This thesis analyses the types of temporal deformations found in fiction and their potential persuasive use. The results are organised using Renaissance rhetoric as a model for categorisation and prescriptive use. The creative component then demonstrates the application of this research in the form of a new novel manuscript.

The resources of classical rhetoric are most commonly found as detritus across contemporary literary theory and cultural studies. Even though rhetoric is the oldest form of literary criticism, the persuasive intent of fiction is more commonly examined using theories such as reader-response, speech act theory, and phenomenology.

Using Umberto Eco’s theory of the model reader along with the narratological method of Gérard Genette, this thesis recognises a tripartite division in temporal structures as story time, discourse time, and reader time.
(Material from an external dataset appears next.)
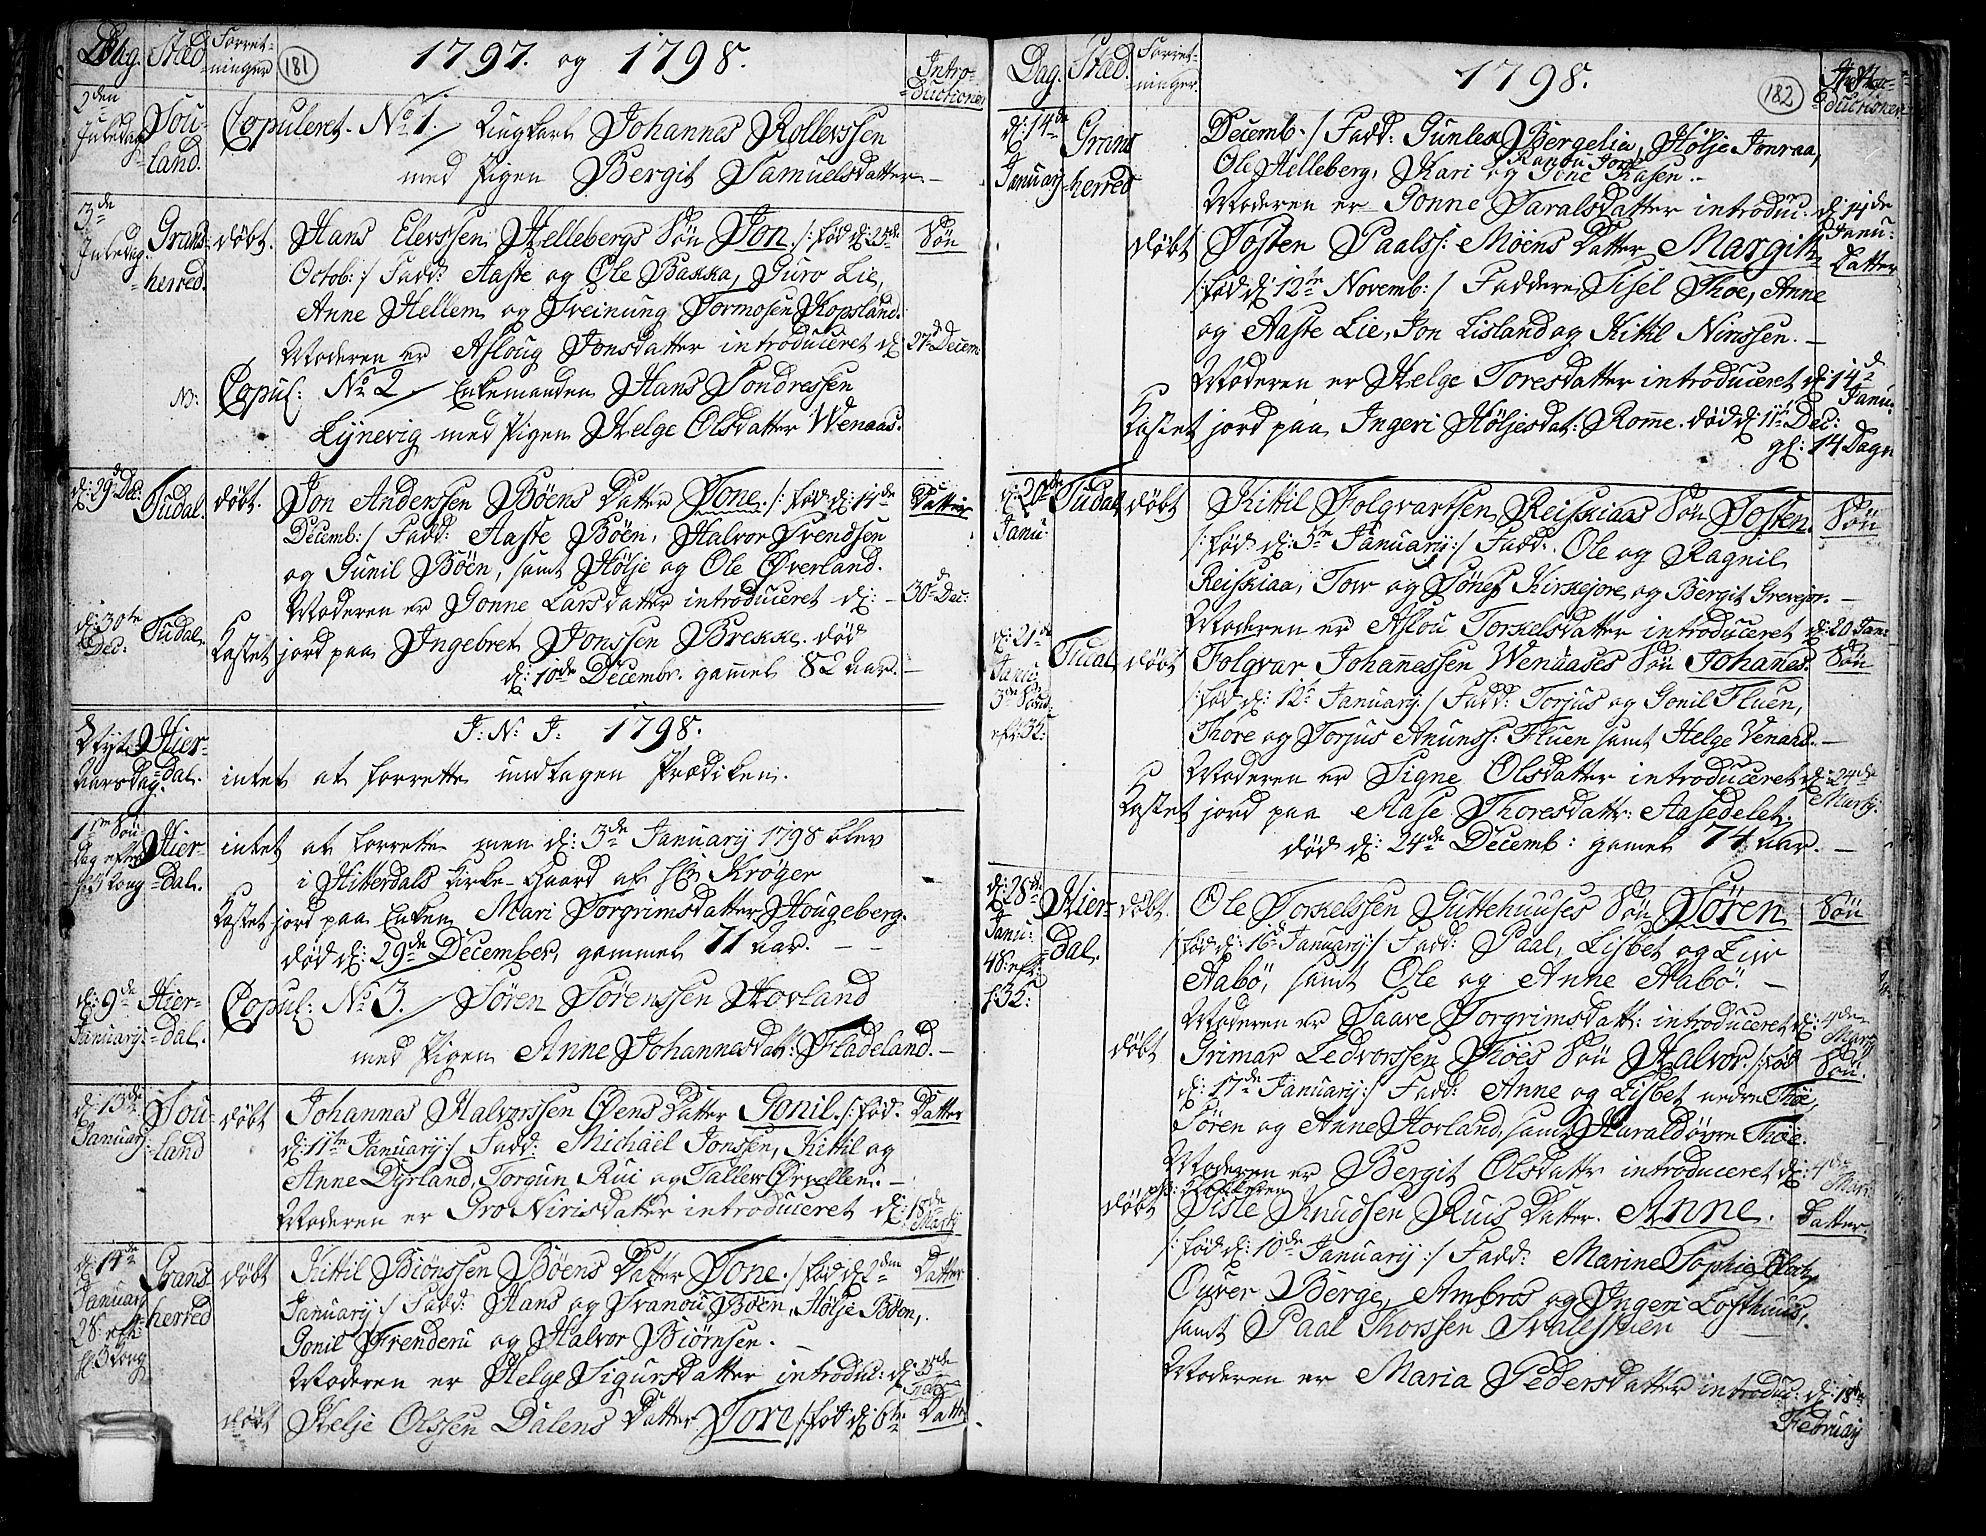 SAKO, Hjartdal kirkebøker, F/Fa/L0005: Ministerialbok nr. I 5, 1776-1801, s. 181-182

It then analyses the temporal changes available and categorises the results as changes to the three diegetic levels: actantial, discursive, and inferential. Each chapter focuses on a different master trope of time. The four main types of temporal movement are identified as quickness, lingering, prolepsis, and analepsis. Each temporal structure is analysed using examples from the works of Charles Dickens, Edgar Allan Poe and their application to my own work.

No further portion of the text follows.